Does sustainability happen on every acre?
Sustainable forestry can happen on every acre, but every acre managed under sustainable forestry won't look the same. Part of the explanation for this is the dynamic nature of forests. As forests mature, a landowner's ability to manage the forest and extract certain resources may result in a change in the way the forest looks. In addition to extractions there are also occasions for inputs or investments. Extraction often includes timber or pulpwood harvesting that will remove some or all stems from an area as part of a silvicultural prescription. As juvenile forests grow into maturity investments are often appropriate to ensure the forest produces the desired levels of resources. Sometimes this will include pruning for high-quality hardwoods, trail building for recreational access, thinning for optimal timber production, or habitat enhancements to stabilize or expand desired wildlife populations. Change is often viewed with resistance, but we know with certainty forests will change even if we don't take any action. A reasonable goal then is to use management activities in appropriate areas and at appropriate times to ensure we retain all our options while producing our desired resources.

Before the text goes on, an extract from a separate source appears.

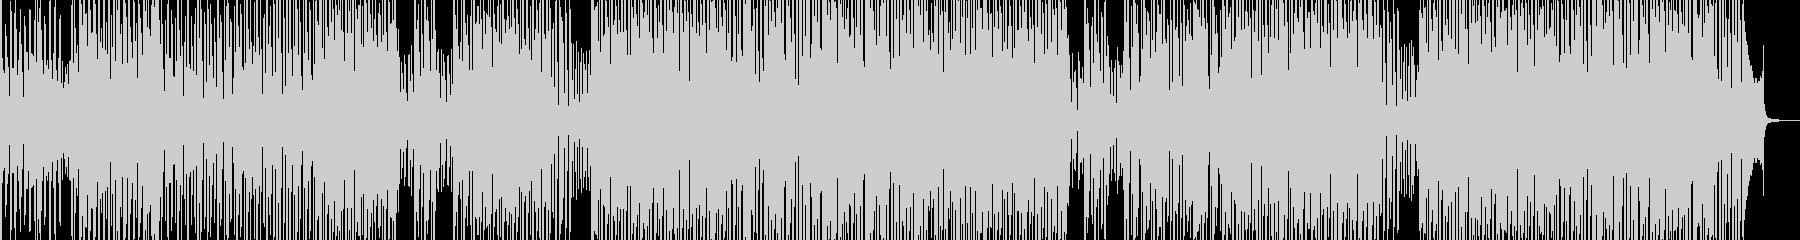 トロピカルな雰囲気に合うテクノ 短尺★の未再生の波形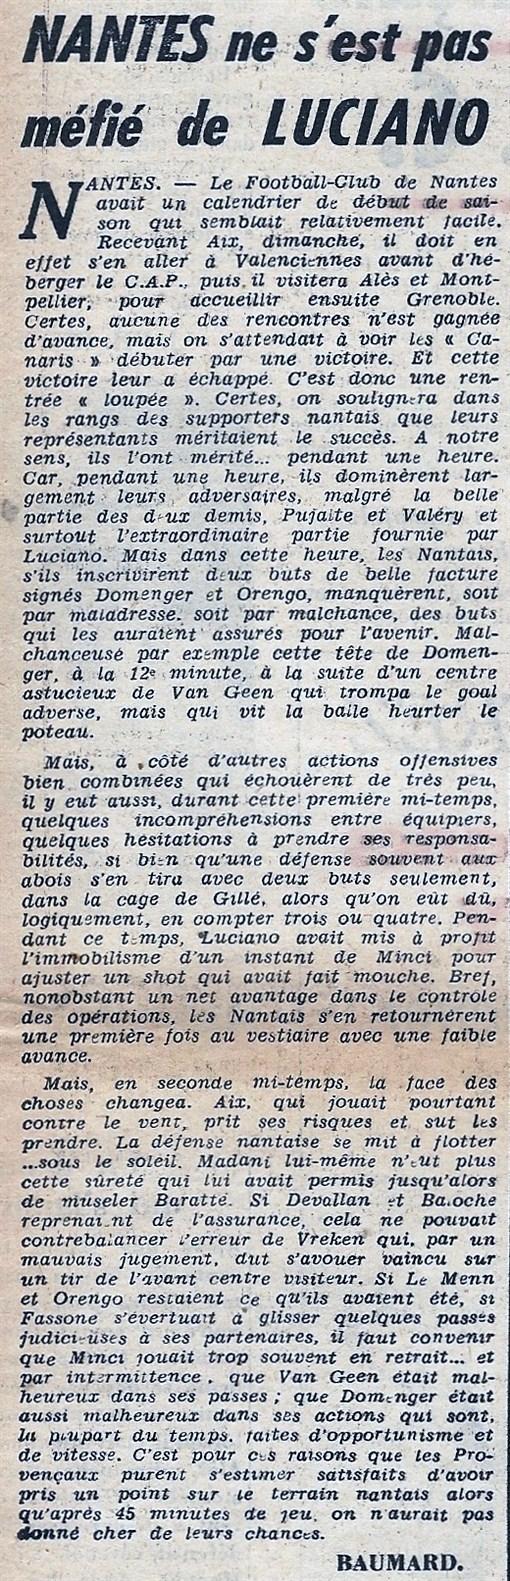 ff-du-17-08-1954-6.jpg

Who must be involved in sustainable forestry?
The short answer is everyone. If you recall the factors that influence sustainable forestry, then you can start to generate a list of people, organizations, and agencies that affect the way our forests are managed. Quickly you see that sustainable forestry starts with the landowner and moves through everyone who enjoys the outputs of forests, such as clean water, and everyone who buys forest products, such as paper. Thus, everyone is affected by the way our forests are managed.

The direct or first tier of decision makers usually involves a forest owner, forester, and logger. The landowner defines the management objectives, the forester prescribes activities that help the forest owner achieve the ownership objective, and the logger implements the prescribed activities. The decisions made by the landowner and the recommendations and practices applied by the forester and logger reflect a second tier of influence. The second tier is more complex and intertwined. Tier two includes the educational institutions available to practitioners and stakeholders, the markets that are available for the forest products, the attitudes of owner and family, the local and regional culture about forestry practices, and governmental regulations or incentives that affect which and how forest management practices can be applied. The United States holds a belief system in the rights of private property owners that differs from attitudes in other countries that embrace a more significant role of the community in deciding the desired actions on private lands. Even so, the variety of people and stakeholders who influence the social, economic, and political climate around forestry can have a substantial influence on if and how it is practiced.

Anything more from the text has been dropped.